#### TASK MATERIAL

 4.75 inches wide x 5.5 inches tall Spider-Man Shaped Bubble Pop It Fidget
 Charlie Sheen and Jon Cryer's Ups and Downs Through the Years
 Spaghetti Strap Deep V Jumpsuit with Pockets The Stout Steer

########
#### TASK MATERIAL

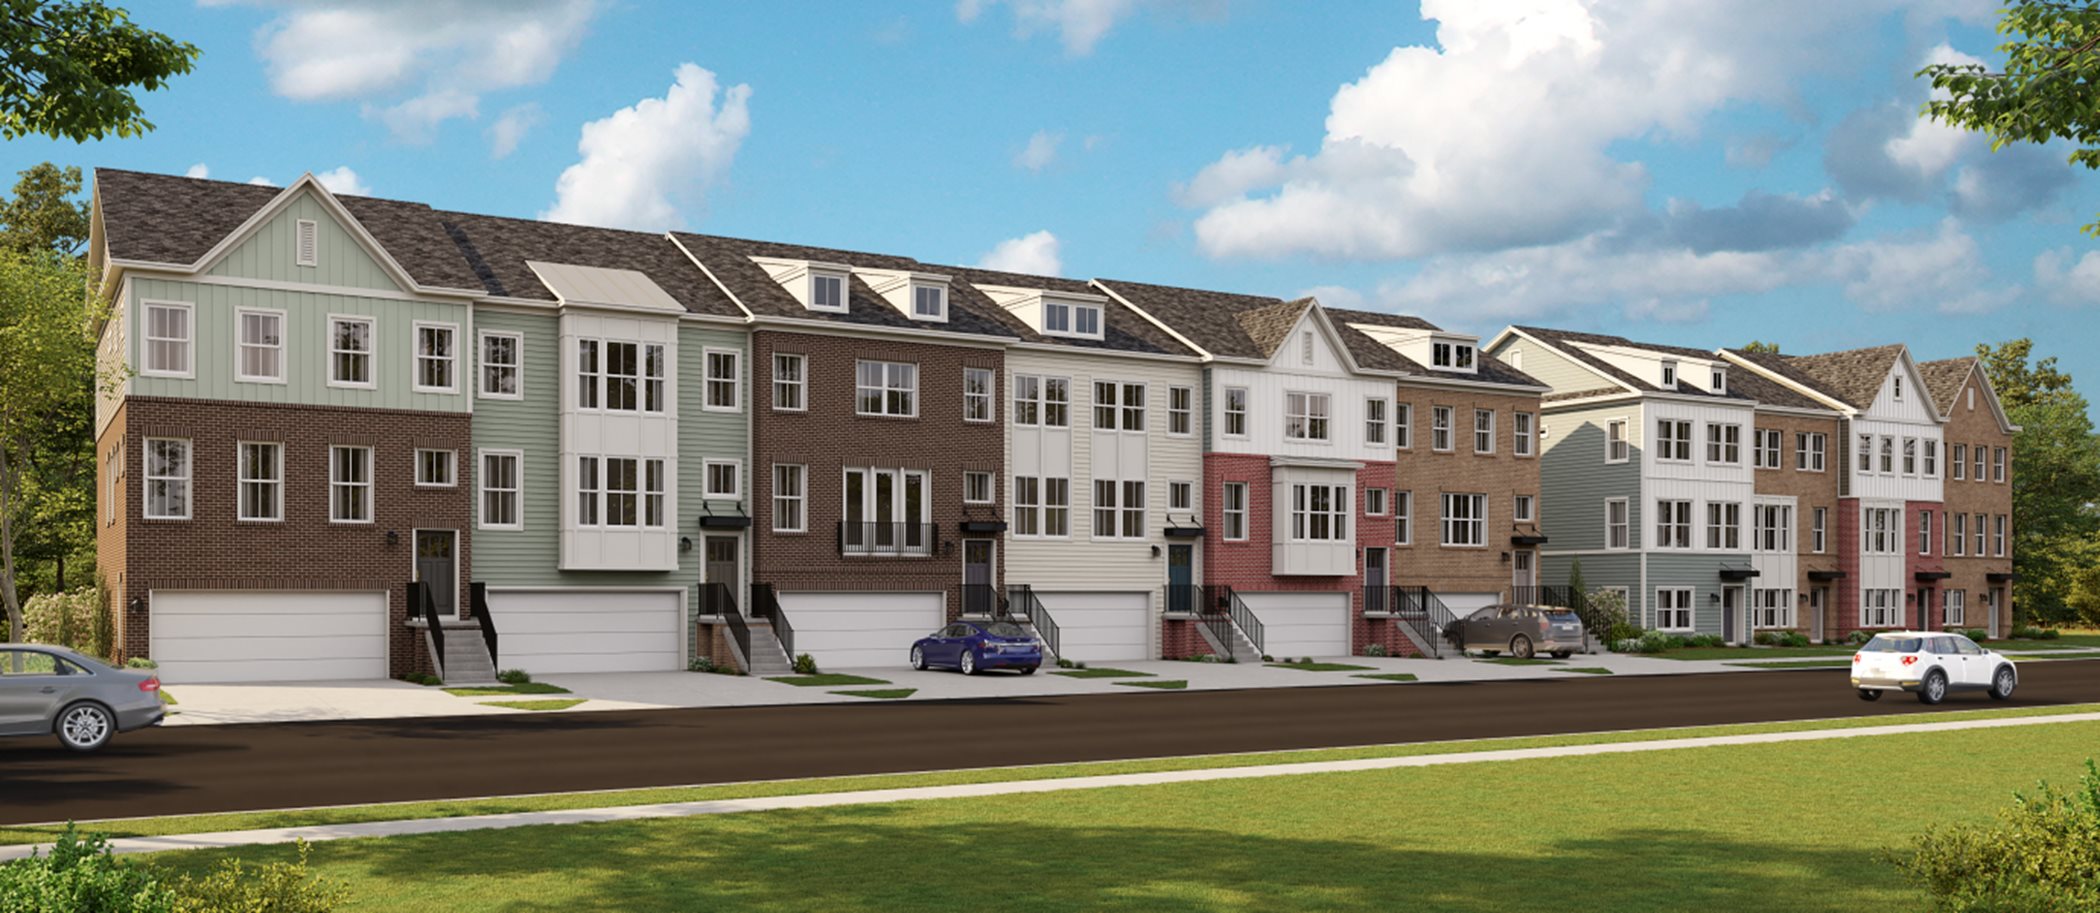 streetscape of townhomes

########

§ TRY IT
From the material above, retype precisely the lines between the line holding "Charlie Sheen and" and the line holding "Spaghetti Strap Deep", inclusive, and nothing beyond them.

§ PROBLEM SOLUTION
 Charlie Sheen and Jon Cryer's Ups and Downs Through the Years
 Spaghetti Strap Deep V Jumpsuit with Pockets The Stout Steer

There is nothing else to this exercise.